The nurse is preparing a community presentation on family development. Which of the following statements should the nurse include?
- The youngest child’s age determines the family’s current stage.
- A family does not experience overlapping of stages.
- Family development ends when the youngest child leaves home.
- The stages describe the family’s progression over time.
The nurse is preparing to assess the development of a family new to the clinic. The nurse understands that the primary use of a family assessment tool is to:
- Obtain a comprehensive medical history of family members.
- Determine which clinic the patient should be referred to.
- Predict how a family will likely change with the addition of children.
- Understand the physical, emotional, and spiritual needs of members.
The registered nurse is caring for a pregnant Muslim patient who is anticipating delivery within the next few days. The nurse asks if she and her husband have chosen a name for their baby. The patient quietly shakes her head, “no.” Based upon the patient’s response, the nurse understands that:
- The patient is not happily anticipating the arrival of her baby.
- Cultural beliefs may require the couple to choose the baby’s name following the birth.
- The patient does not speak English.
- Cultural beliefs may require that the baby’s name be kept secret until after the delivery.
A woman of Korean descent has just given birth to a son. Her partner wishes to give her sips of hot broth from a thermos he brought from home. The patient has refused your offer of ice chips or other cold drinks. The nurse should:
- Explain to the patient that she can have the broth if she will also drink cold water or juice.
- Encourage the partner to feed the patient sips of broth. Ask if the patient would like you to bring her some warm water to drink as well.
- Explain to the couple that food can’t be brought from home but that the nurse will make hot broth for the patient.
- Encourage the patient to have the broth after the nurse takes it to the kitchen and boils it first.
The nurse works in a facility that cares for patients from a broad range of racial, ethnic, cultural, and religious backgrounds. Which statement should the nurse include in a presentation for nurses new to the facility on the patient population of the facility?
- “Our patients come from a broad range of backgrounds, but we have a good interpreter service.”
- “Many of our patients come from backgrounds different from your own, but it doesn’t cause problems for the nurses.”

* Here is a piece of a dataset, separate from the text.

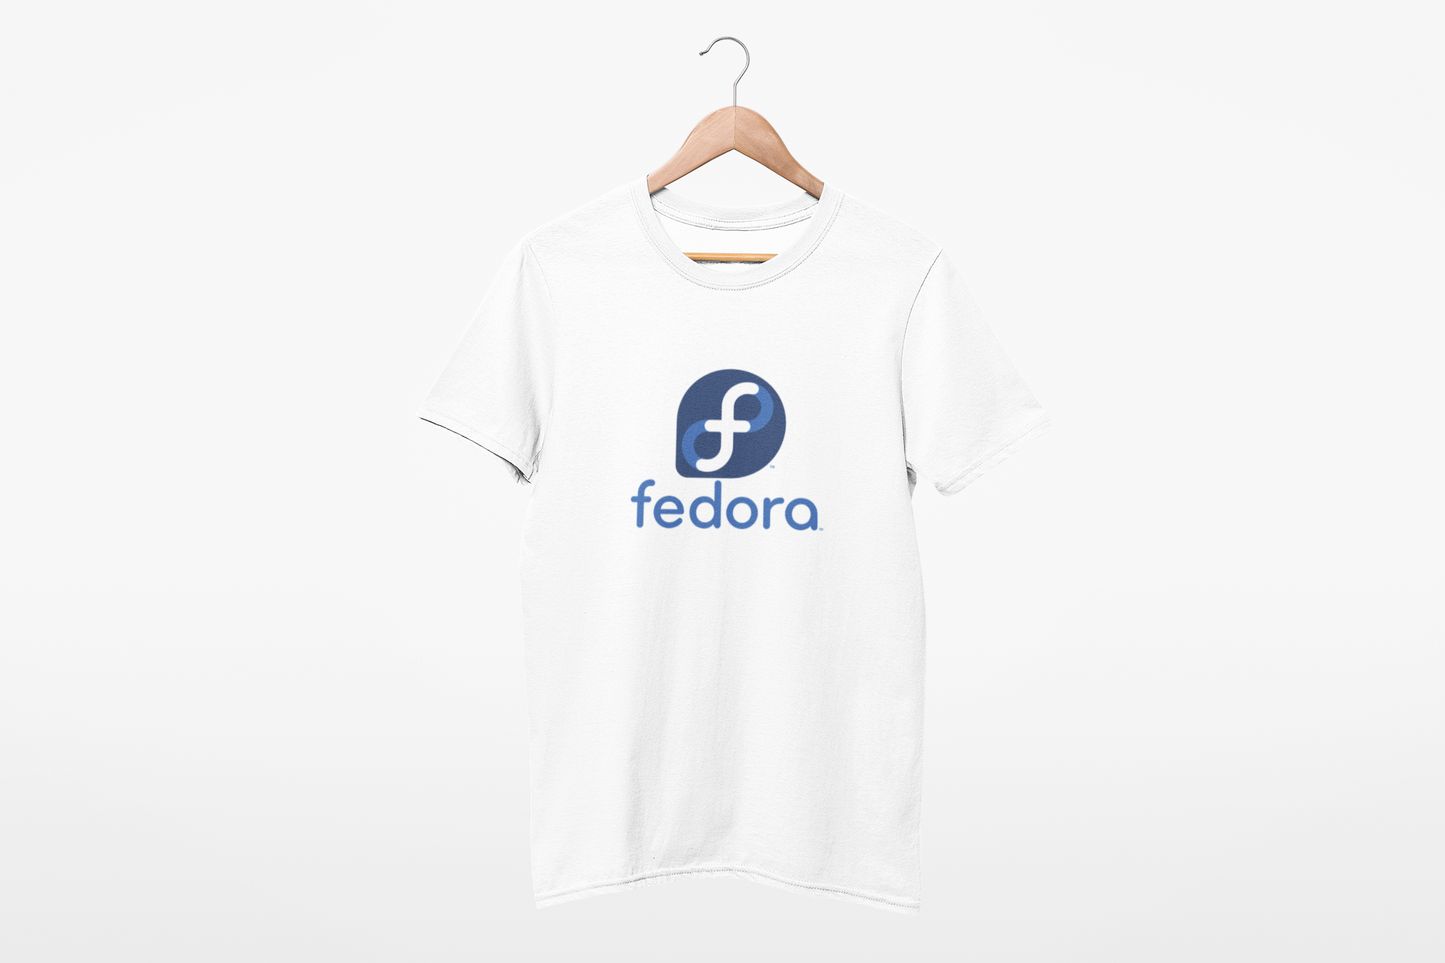 Fedora T SHIRT

- “Because most of the doctors are bilingual, we don’t have to deal with the differences in cultural backgrounds of our patients.”
- “Understanding the common values and health practices of our diverse patients will facilitate better care and health outcomes.”
The nurse manager in a hospital with a large immigrant population is planning an in-service. The nurse manager is aware of how ethnocentrism affects nursing care. Which statement should the nurse manager include? “The belief that one’s own values and beliefs are the only or the best values:
- “Means that newcomers to the United States should adopt U.S. norms and values.”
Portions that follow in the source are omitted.